Rimangono tuttavia diverse incognite, frutto anche del progetto di mediazione del Cedeao, troppo favorevole al RSP. Non è chiaro, al momento, ad esempio, quale sarà la sorte dei golpisti. “Jeune Afrique” scrive che le parti si sarebbero accordate ieri sera su due punti principali: il primo riguarda l’acquartieramento dei rivoltosi del RSP nel loro Quartier generale di Nabaa Koom, dietro il palazzo presidenziale di Kosyam (qui verrà anche effettuato l’inventario delle loro armi); il secondo punto è l’allontanamento delle truppe lealiste a 50 chilometri dalla capitale. Sembra non si sia fatto cenno, per ora, né all’amnistia reclamata dai golpisti, né alla sorte del principale personaggio della vicenda, Gilbert Diandéré.
Ieri “Jeune Afrique” riassumeva il curriculum di Gilbert Diandéré, a partire dalla sua partecipazione alla rivoluzione del capitano Thomas Sankara, nel 1983, e anche all’uccisione di Sankara stesso, nel 1987. Da tempo si parla anzi del suo ruolo diretto, come braccio armato del traditore Blaise Compaoré, nell’assassinio del capitano rivoluzionario: la riesumazione dei cadaveri di Sankara e dei compagni uccisi al suo fianco, insieme alle conclusioni delle autopsie, sarebbe stato anzi motivo non secondario che ha spinto al golpe dello scorso 17 settembre. Secondo quanto dichiarato dallo stesso Diandéré a “Jeune Afrique” e a “France 24”, egli si sarebbe deciso al colpo della scorsa settimana per evitare che il paese precipitasse nel caos. Le lezioni presidenziali e legislative fissate per l’11 ottobre, a suo dire, “non erano ben organizzate”, ci sarebbero stati “tentativi di frode” e, quindi, di “disordini”. Ma, chiosa “Jeune Afrique”, tutto ciò non spiega che una parte delle azioni “di un uomo che è al centro di tutti gli sconvolgimenti che ha conosciuto il suo paese da più di trent’anni, ma che si era sempre preoccupato, fino al 17 settembre, di rimanere nell’ombra. A detta sua, egli non aveva intenzione di prendere il potere: se ne è sentito in dovere, con l’unico obiettivo di incanalare la furia dei suoi uomini del Reggimento di sicurezza presidenziale (RSP), inferociti per il fatto che la Commissione di Riconciliazione Nazionale e delle Riforme, emanazione del Governo di transizione, si apprestava a sciogliere tale corpo speciale. Così, “datemi il tempo di calmarli”, avrebbe detto Diandéré ai mediatori africani, prima di promettere nuove elezioni, pur rinviate di oltre un mese. 
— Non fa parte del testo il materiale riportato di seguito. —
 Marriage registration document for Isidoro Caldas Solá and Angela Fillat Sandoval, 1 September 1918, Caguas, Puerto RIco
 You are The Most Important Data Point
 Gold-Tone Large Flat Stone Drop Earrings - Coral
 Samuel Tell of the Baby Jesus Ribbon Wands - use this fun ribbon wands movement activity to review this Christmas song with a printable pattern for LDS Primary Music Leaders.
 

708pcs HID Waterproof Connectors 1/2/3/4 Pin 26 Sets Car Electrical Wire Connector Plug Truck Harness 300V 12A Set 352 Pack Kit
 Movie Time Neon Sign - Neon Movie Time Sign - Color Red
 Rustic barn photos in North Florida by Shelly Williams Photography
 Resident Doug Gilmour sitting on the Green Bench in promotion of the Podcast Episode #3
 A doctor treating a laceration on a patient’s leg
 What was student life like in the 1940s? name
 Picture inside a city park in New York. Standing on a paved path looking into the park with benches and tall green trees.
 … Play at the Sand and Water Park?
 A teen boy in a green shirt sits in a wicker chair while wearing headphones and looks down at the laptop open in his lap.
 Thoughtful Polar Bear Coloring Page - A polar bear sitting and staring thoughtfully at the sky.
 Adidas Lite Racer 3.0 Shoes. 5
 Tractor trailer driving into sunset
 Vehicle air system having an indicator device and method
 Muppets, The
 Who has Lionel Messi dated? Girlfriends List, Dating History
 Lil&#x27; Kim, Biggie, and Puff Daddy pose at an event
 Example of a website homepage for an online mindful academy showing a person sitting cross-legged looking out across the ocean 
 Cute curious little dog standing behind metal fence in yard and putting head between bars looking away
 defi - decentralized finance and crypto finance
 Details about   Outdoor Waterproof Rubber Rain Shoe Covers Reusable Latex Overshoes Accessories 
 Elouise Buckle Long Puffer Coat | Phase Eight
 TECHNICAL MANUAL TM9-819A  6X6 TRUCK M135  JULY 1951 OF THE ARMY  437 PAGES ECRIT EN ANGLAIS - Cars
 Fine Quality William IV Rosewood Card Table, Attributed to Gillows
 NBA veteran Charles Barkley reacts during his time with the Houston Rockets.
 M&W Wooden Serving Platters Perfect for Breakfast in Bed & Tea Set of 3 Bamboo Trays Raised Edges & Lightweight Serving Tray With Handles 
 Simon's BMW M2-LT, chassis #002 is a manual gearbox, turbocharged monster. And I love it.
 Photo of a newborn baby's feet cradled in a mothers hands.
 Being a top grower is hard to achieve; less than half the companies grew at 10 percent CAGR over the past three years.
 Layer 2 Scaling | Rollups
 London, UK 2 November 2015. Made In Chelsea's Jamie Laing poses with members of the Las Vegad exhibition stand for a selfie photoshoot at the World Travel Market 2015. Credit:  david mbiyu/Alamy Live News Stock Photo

In effetti quando gli uomini del RSP hanno occupato i palazzi governativi, mercoledì scorso, Diandéré non era con loro, è comparso dopo: dalla cacciata di Compaoré, un anno fa, egli non controllerebbe più il RSP, non vi ha più un ruolo ufficiale e non gode di alcun privilegio al Quartier generale del RSP, il campo di Naba Koom. Sarebbero gli ufficiali di grado inferiore a dettare le linee di azione del Reggimento; e però si sarebbero rivolti a Diandéré al momento di negoziare il compromesso: dopo tutto, la sua reputazione se l’è fatta, tra colpi di stato e missioni segrete in Sierra Leone, Liberia, Costa d’Avorio, Mali. Un ruolo non secondario nel tentativo di golpe, ad ogni modo, lo avrebbero svolto anche i leader del Congresso per la Democrazia e il Progresso, il partito del deposto Compaoré, soprattutto dopo che il Consiglio costituzionale aveva escluso dalle liste elettorali alcuni candidati apertamente legati a Compaoré e c’è chi nutre forti dubbi che, da qui alle elezioni previste ora per il 22 novembre, tutto fili liscio. Del resto, prima del 17 settembre, Compaoré, dall’estero, aveva più di una volta avvertito che qualcosa sarebbe presto accaduta.